The wall ran straight, continuing even after the hotel’s edge. For two quick strides the ground on the water side fell at least four times further away than did the ground on the city side, which was already at the edge of how far Kid might be comfortable risking a drop. After the short gap another hotel followed, and on Kid ran. Landward, the city loomed against the still dark morning sky, glowing highlights of the towering structures declaring the limit of the reaches of the night.

After four iterations of the same hotel and short gaps Kid reached the end of the wall and stopped. Sliding his bag off his shoulders Kid dropped to sit at the edge of the wall. He wrapped his bag around a cable which anchored to the corner of the wall then extended across the road before the twisting steel disappeared into the darkness beneath the in-sweeping overpass in the middle of the knots of merging and emerging roads and tunnels.

Kid took one last look at the two moons, and dropped off the wall.

Kid clung to the handles of his bag as the cable hissed against the waxed canvas, the sudden jerk of his weight pulling at shoulder sockets, sliding past the knotted steel and concrete overpasses, twisting his fingers through the leather to release one handle of the bag to free the other to whip up and over the line, dropping Kid to the sloped earth which he met with a collapsing roll.

Rising to his feet Kid rolled his shoulders and neck. Reslinging his bag, he trudged up the hill. Emerging on the city side of the highway Kid darted across an empty parking lot.

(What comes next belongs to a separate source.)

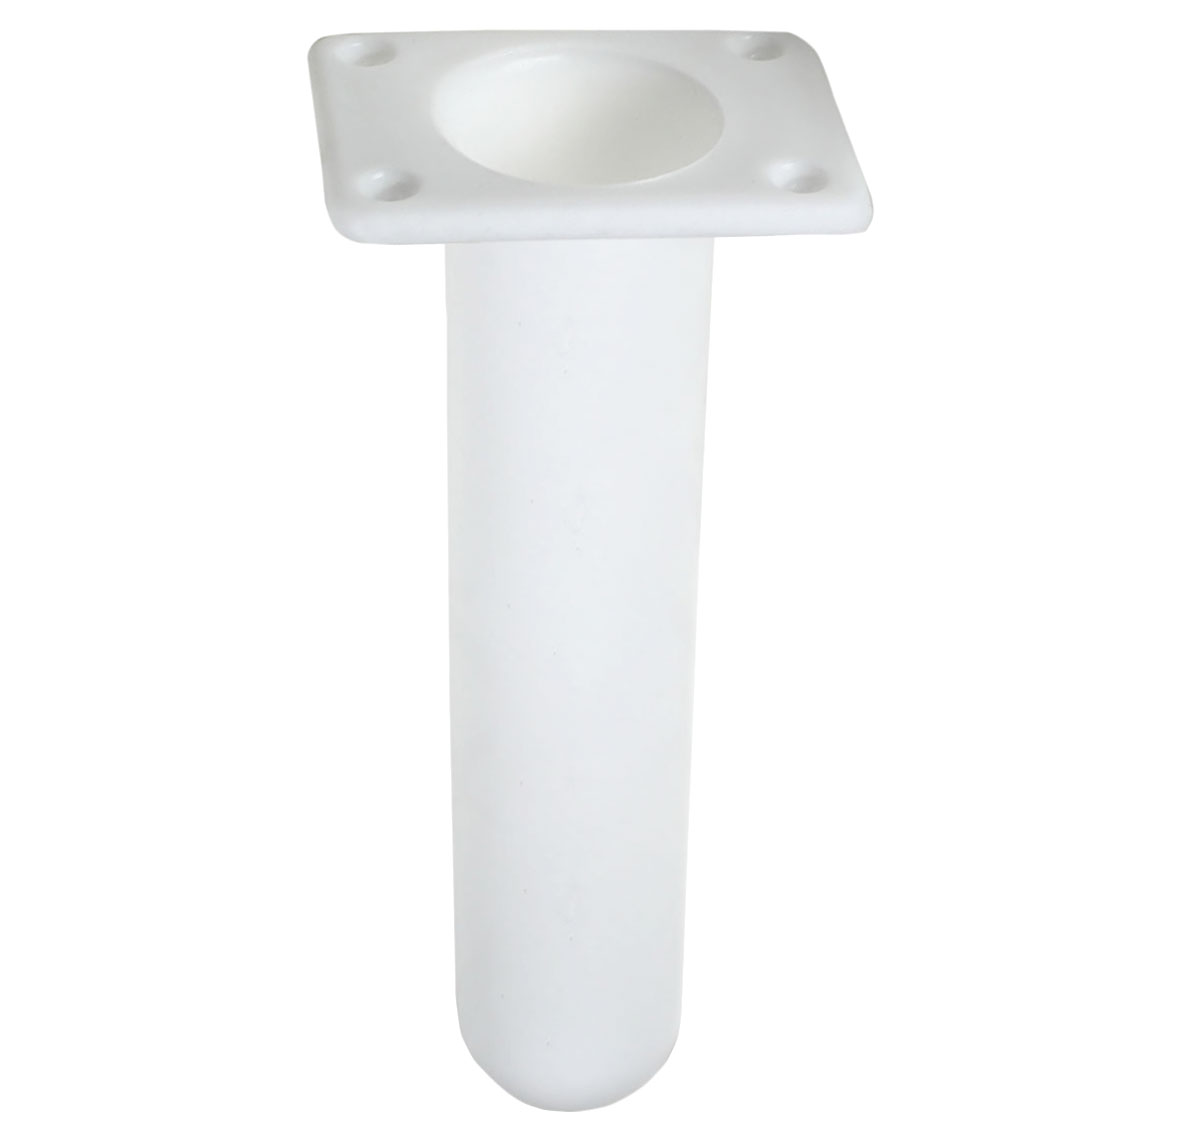 Plastic flush mount rod holder used also for rod rest H.230mm Internal  Diameter 40mm
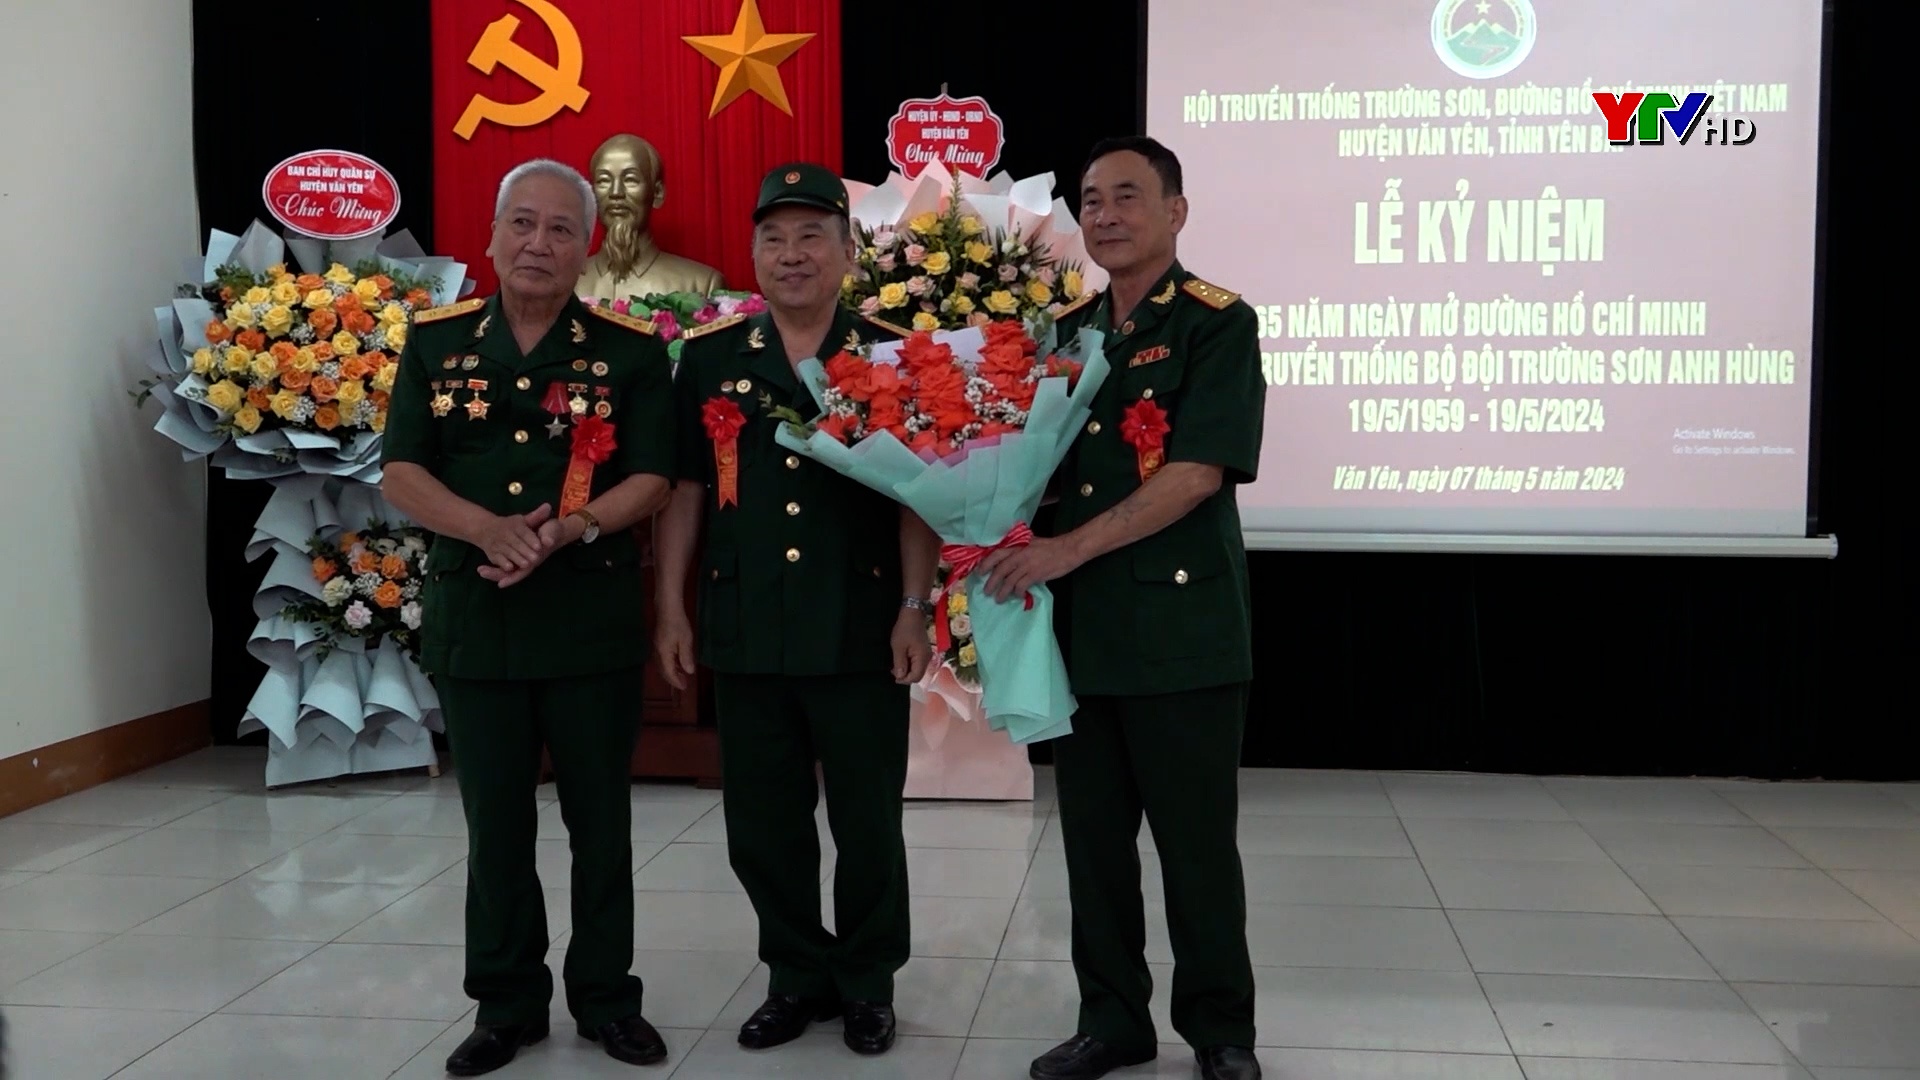 Văn Yên: Kỷ niệm 65 năm Ngày mở đường Hồ Chí Minh - Ngày truyền thống bộ đội Trường Sơn

Kid scampered up a long ladder, pale green metal matching the back of the building to which it was attached, past three separate landings with doors shut, lights dark. On the roof of the building Kid turned, blew a kiss to the two moons, bright in the still dark sky and matching water, then spun and ran across the rooftop right onto the connecting roof of the bridge spanning the street, confident and sure of his footwork in the near dark.

As well he should be.

He slipped into the back door of the market on the floor third from the top. Just around the corner was the public bathroom for this end of the floor, and Kid ducked in and leaned close to the group to check for any feet not belonging to himself.

Reassured he was alone, Kid pried up the grate in the corner and dropped back into the familiar underground. This section of underground was a broader collection pipe dotted with drainage openings from the overhead market shops. During heavier rains this area could get a little floody, but it hadn’t ever even washed over Kid’s whole shoe when he was down there.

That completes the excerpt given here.